Cranky sat in the screening room eyes wide open. Ears working to the best of their ability. When the energy level of the film is kicking out the jams, there is no problem following this alien culture, at least not to these American ears. There is a problem when the aural volume drops considerable, when talk gets romantic or schemes are hatched and specific Irish slang words enter the dialog mix. It is at these moments, which come to dominate the latter half of the movie that this reviewer found himself almost lost. The story is simple enough that I was never at a loss to follow the general motions of all the stories -- credit the writers for that -- but what I feel would have been a grander emotional connection was lost because too much aural information vanished into the decomposing bits of cranial matter, long pummeled by too many years working in the rock n roll business.

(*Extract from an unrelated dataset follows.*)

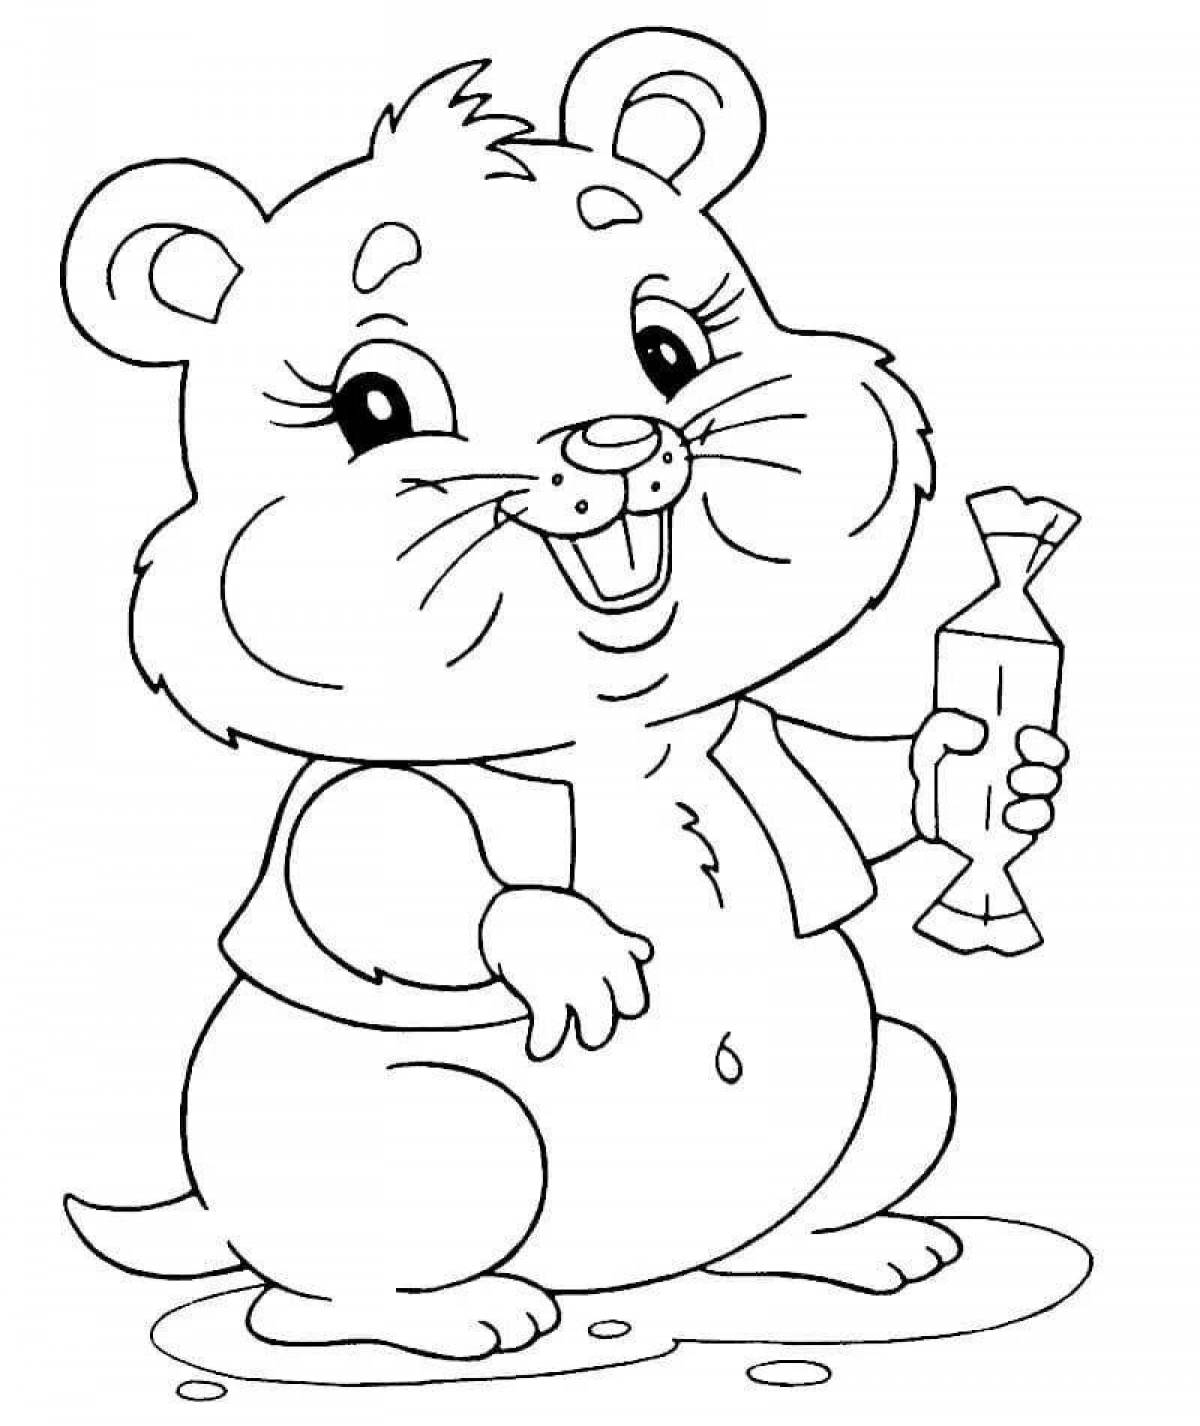 Rampant hamster coloring page

While there is a lot of political material in the movie, the Irish in general (and the Brits too for that matter) all come off as real, passionate people. None of the traditional stereotyping we've come to expect from Catholic/Protestant conflict stories. There's a wee bit of material that pushes the line but nothing to push Titanic Town into the realm of one sided political propaganda.
Two hints for enjoying this flick: find an arthouse, preferably one whose clientele are not of the type who scream back at the screen as if it were a television set. You may need every bit of your linguistic aural abilities to track the dialog -- God knows If I had any of mine left, the rating would be higher, though there's still the question of slang words which haven't been Americanized.
On average, a first run movie ticket will run you Eight Bucks. Were Cranky able to set his own price to Titanic Town, he would have paid...
Definitely for the arthouse circuit with breakout possibilities if I am totally off the mark about aural understanding.